= Filon quadrature =

Integration method for oscillatory integrals

In numerical analysis, Filon quadrature or Filon's method is a technique for numerical integration of oscillatory integrals. It is named after English mathematician Louis Napoleon George Filon, who first described the method in 1934.

==Description==
The method is applied to oscillatory definite integrals in the form:
$\int_a^b f(x) g(x) dx$
where $f(x)$ is a relatively slowly-varying function and $g(x)$ is either sine or cosine or a complex exponential that causes the rapid oscillation of the integrand, particularly for high frequencies. In Filon quadrature, the $f(x)$ is divided into $2N$ subintervals of length $h$, which are then interpolated by parabolas. Since each subinterval is now converted into a Fourier integral of quadratic polynomials, these can be evaluated in closed-form by integration by parts. For the case of $g(x)=\cos(kx)$, the integration formula is given as:

$\int_a^b f(x) \cos(kx) dx \approx h ( \alpha \left[ f(b) \sin(kb)-f(a) \sin(ka)\right] + \beta C_{2n} + \gamma C_{2n-1} )$

where
$\alpha=\left(\theta^2 + \theta \sin(\theta)\cos(\theta)-2 \sin^2(\theta)\right)/\theta^3$
$\beta=2\left[\theta (1+\cos^2(\theta)) - 2\sin(\theta)\cos(\theta) \right]/\theta^3$
$\gamma=4(\sin(\theta)-\theta \cos(\theta))/\theta^3$
$C_{2n}=\frac{1}{2}f(a)\cos(ka) + f(a+2h)\cos(k(a+2h)) + f(a+4h)\cos(k(a+4h)) + \ldots + \frac{1}{2}f(b)\cos(kb)$
$C_{2n-1}=f(a+h)\cos(k(a+h)) + f(a+3h)\cos(k(a+3h)) + \ldots + f(b-h)\cos(k(b-h))$
$\theta=kh$

Explicit Filon integration formulas for sine and complex exponential functions can be derived similarly. The formulas above fail for small $\theta$ values due to catastrophic cancellation; Taylor series approximations must be in such cases to mitigate numerical errors, with $\theta=1/6$ being recommended as a possible switchover point for 44-bit mantissa.
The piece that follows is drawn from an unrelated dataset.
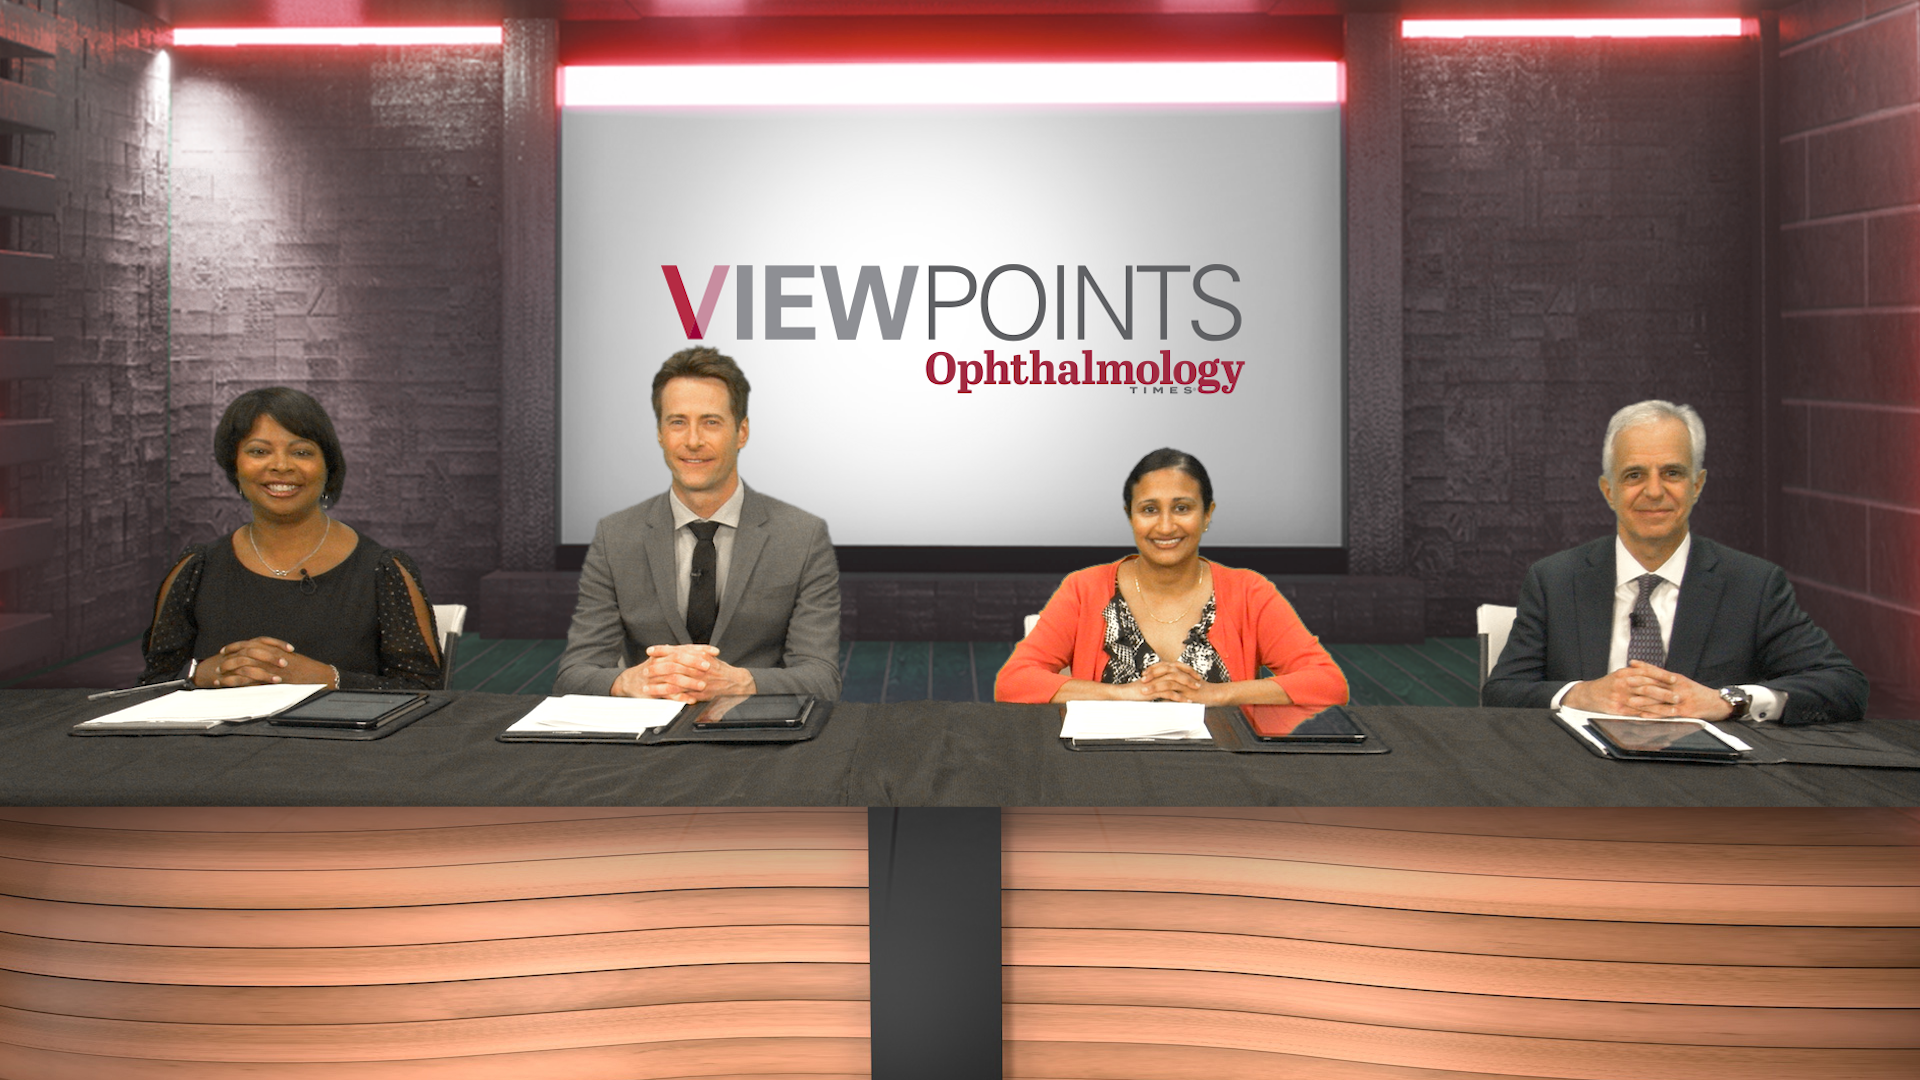 Key Takeaways on Managing Neovascular AMD and DME

Modifications, extensions and generalizations of Filon quadrature have been reported in numerical analysis and applied mathematics literature; these are known as Filon-type integration methods. These include Filon-trapezoidal and Filon–Clenshaw–Curtis methods.

==Applications==
Filon quadrature is widely used in physics and engineering for robust computation of Fourier-type integrals. Applications include evaluation of oscillatory Sommerfeld integrals for electromagnetic and seismic problems in layered media and numerical solution to steady incompressible flow problems in fluid mechanics, as well as various different problems in neutron scattering, quantum mechanics and metallurgy.